No, the Federal Reserve Hasn’t Brought Inflation Down
Inflation in the US continues to fall from its peak last summer. But the Fed hasn’t been responsible for lower inflation — and understanding why is crucial to advancing progressive policy goals like maintaining high employment and expanding public investment.

Federal Reserve Board chair Jerome Powell speaks during a news conference after a Federal Open Market Committee meeting on July 26, 2023 at the Federal Reserve in Washington, DC. (Alex Wong / Getty Images)
As inflation in the United States moderates from its peak last summer, nearly all reporting and analysis on the state of the economy is asking the same question: Has the Federal Reserve declared victory in its fight against rising prices?
The assumption motivating this question, widely shared among journalists and economists, is that the Federal Reserve’s discretionary monetary policy influences the price level by reducing demand and creating slack in the economy. Yet there has been little slack to speak of, either in the months before inflation peaked in June 2022 or in the year since.

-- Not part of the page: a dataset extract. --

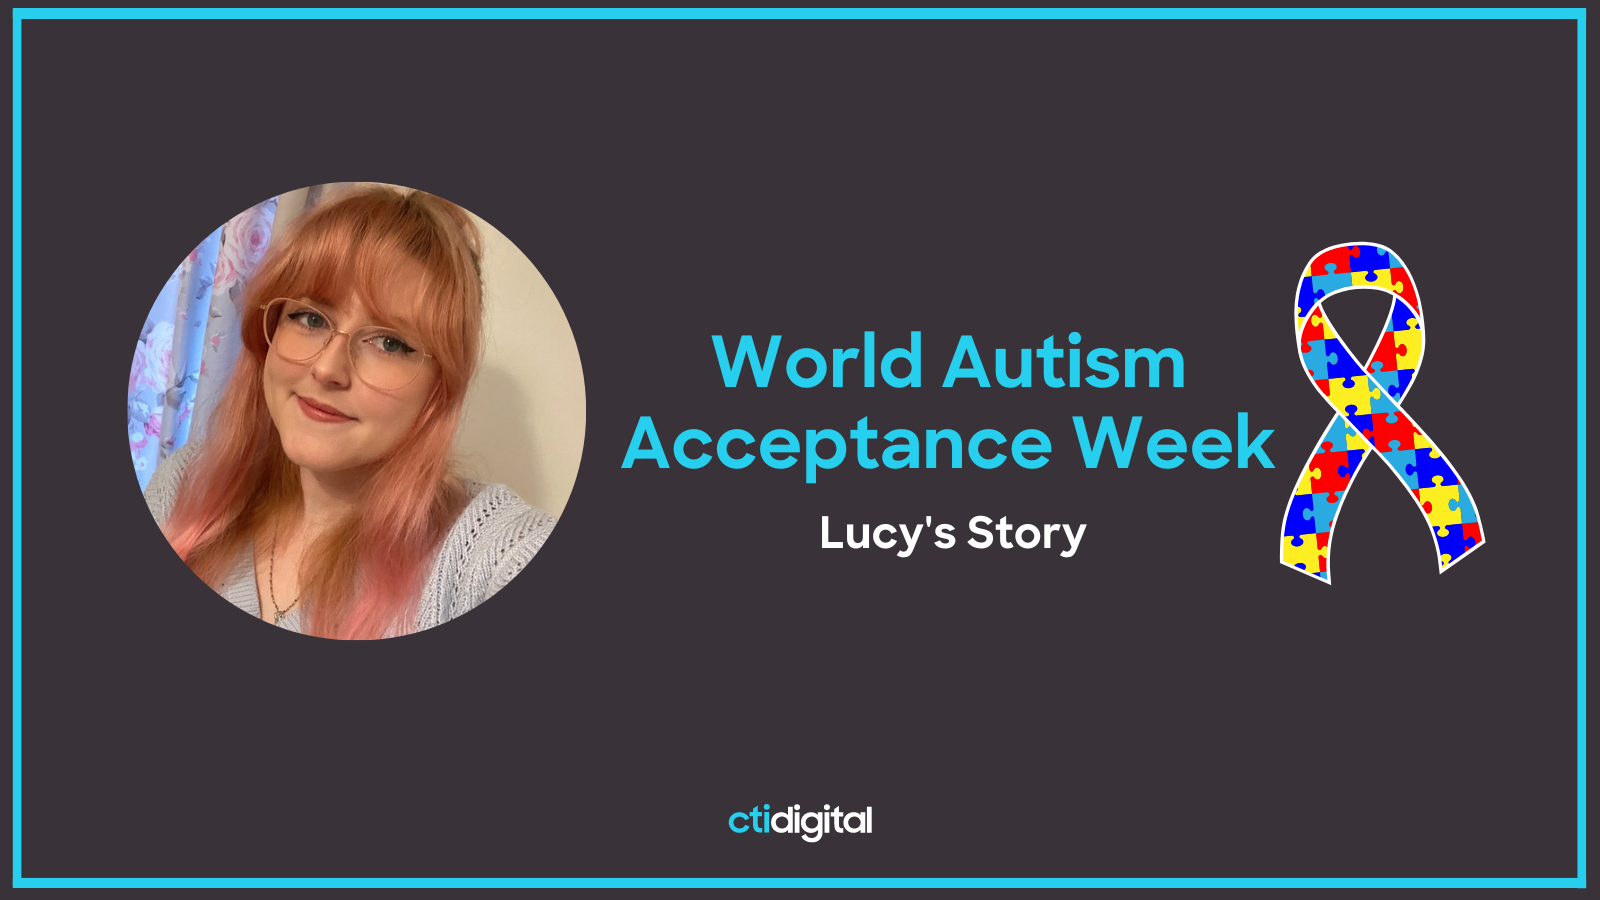 World Autism Acceptance Week: Lucy’s Story

Unemployment remains low, and labor-force participation is high. The prices that have slowed the most have been in energy and food — outside the “core inflation” rate that the Fed says is its policy target.
In response to a reporter’s question about “the reasons why inflation has fallen” and how the Federal Reserve evaluates “factors that don’t stem directly from rate hikes . . . like easing supply chains and a drop in energy prices,” Powell said that “monetary policy is working about as we expect.” Higher rates will help lower demand in the future, Powell explained: “We think it’ll play an important role going forward, in particular in nonhousing services. That’s where the labor market will come in as a very, very important factor.”